At one point, late in the film, John E. (that's "E" for "Eagle" he asserts, adding "my friends call me 'Eagle' or 'Golden Eagle' or 'John'") du Pont tells his mother that he doesn't care about an old train set she's thinking about donating to charity. And the irony, of course, is that neither one of them can quite own up to the fact that the train set he does care about, the one he sometimes plays with nonstop and demands be in working order and ready for his attentions at all hours but then also abandons petulantly for weeks at a time -- that train set is his wrestling team. And it isn't enough for him to be their patron, he also needs to be seen as their coach (though he has no useful skills or advice and the best generic rah-rah speeches he can muster are singularly uninspiring) and finally as one of them. Later in the film, without any awareness of the profound irony, du Pont tells Mark about the pain he felt upon realizing his mother had been paying his only childhood friend to hang out with him.

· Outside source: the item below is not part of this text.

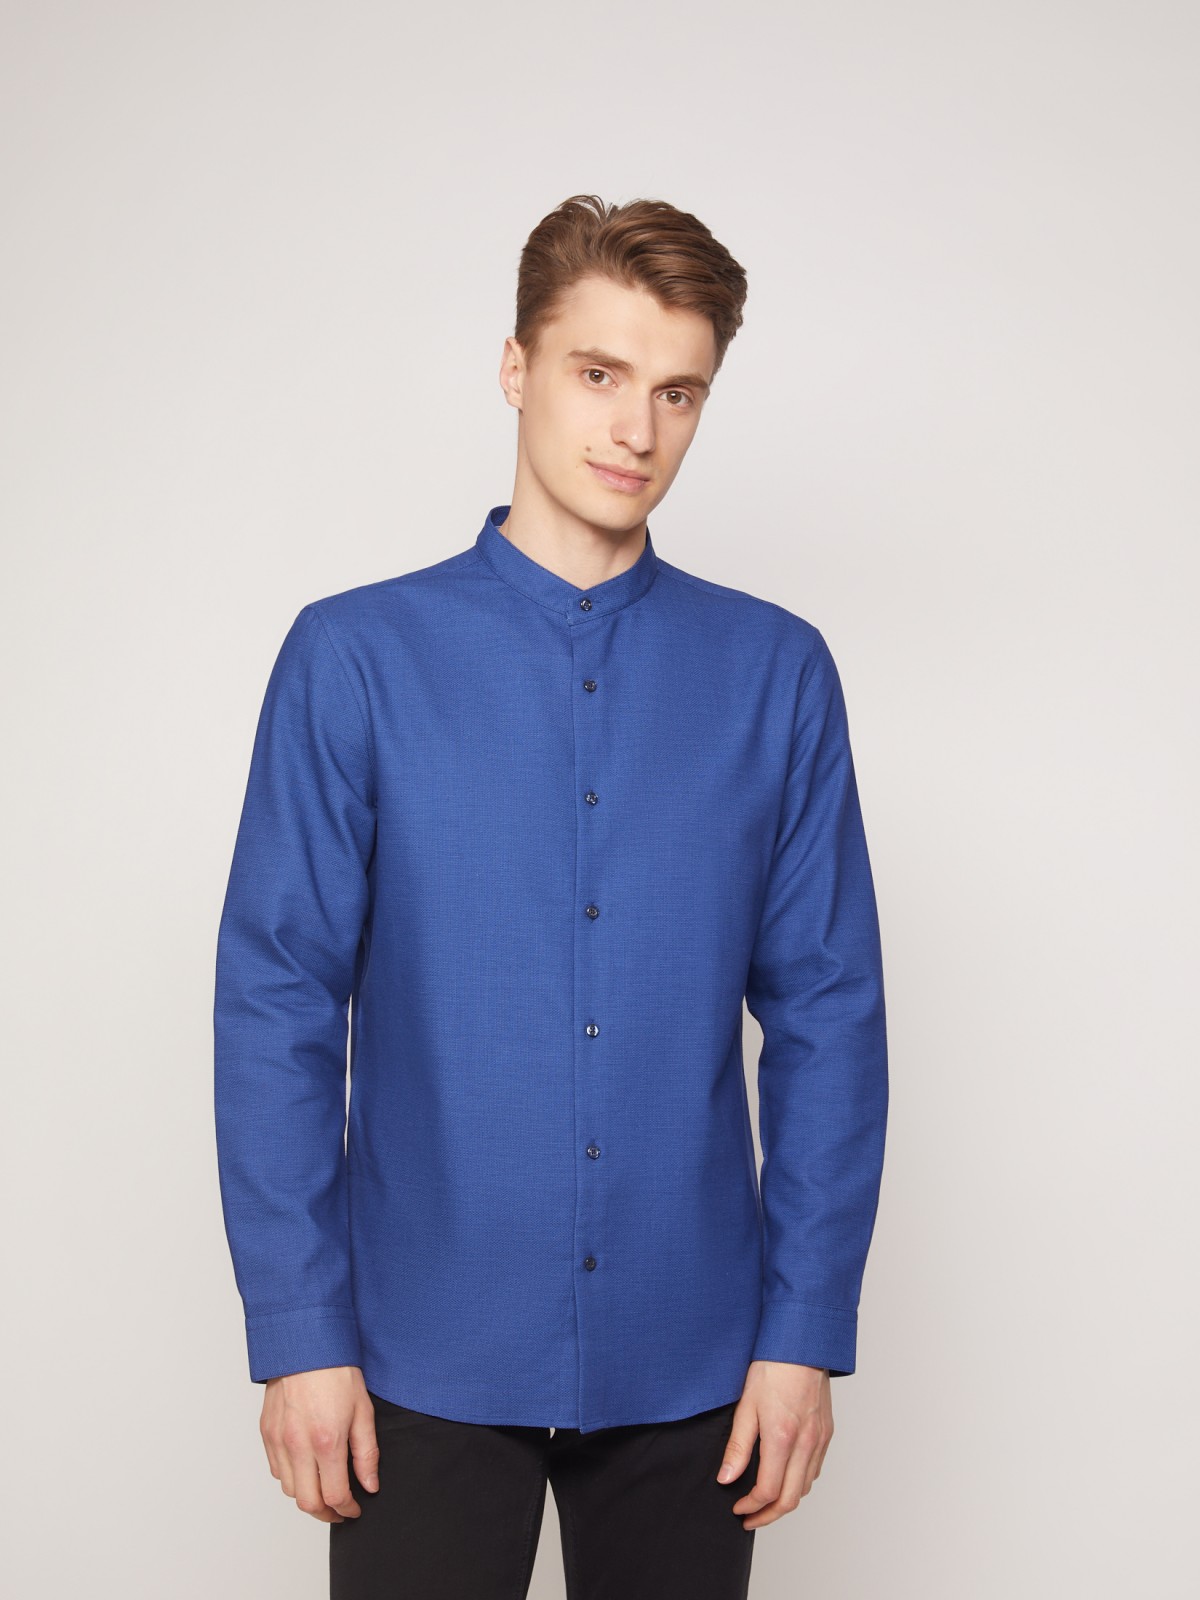 Рубашка с воротником-стойкой zolla 011322159053, цвет голубой, размер S - фото 2

There's an element of gothic horror -- think
Sunset Boulevard's kept-man nightmare and the decadent old money architecture in that film and others -- that almost flirts with camp in one scene (shirtless hunk, drug and alcohol bender, odd personal grooming tableau) that could be a alternate casting screentest for Soderbergh's
Behind the Candelabra. At times there's also an undercurrent of pitch black deadpan comedy, especially in some of the dialogue. But mostly
Foxcatcher, mirroring the repressed males that are its subject, feels suffocatingly if not pathologically controlled, intensely restrained in the most compelling way. It's easy to see how Miller deserved his best director nod at Cannes.
The film, shot by Greg Fraiser, looks great, but the look of it isn't the main thing --
Foxcatcher aspires to a sort of polished mainstream realism that can be a little more expressive when it needs to but doesn't call too much attention to itself and reminds me of the best of Jonathan Demme's mid career work, films like
The Silence of the Lambs. Everything here seems to have been shot and cut within an inch of its life -- in the best possible sense -- and almost always in the service of the performances, of wringing one more layer or nuance out of any given line reading. The editing is also elliptical and coy about timeframes major and minor, all of it adding to the closed off feeling of the whole. There are a lot of bold sound choices, moments where the sound or dialogue cuts out altogether or the normal sound of a room gets muddled (for those who hate the
Interstellar mix, here's how to do it right). There's not a lot of smoothing over things with ambiance. And the music, especially a piece by Atom Egoyan's go-to guy Mychael Danna, is evocative and dare I say Egoyanesque, fitting for such a weird relationship drama.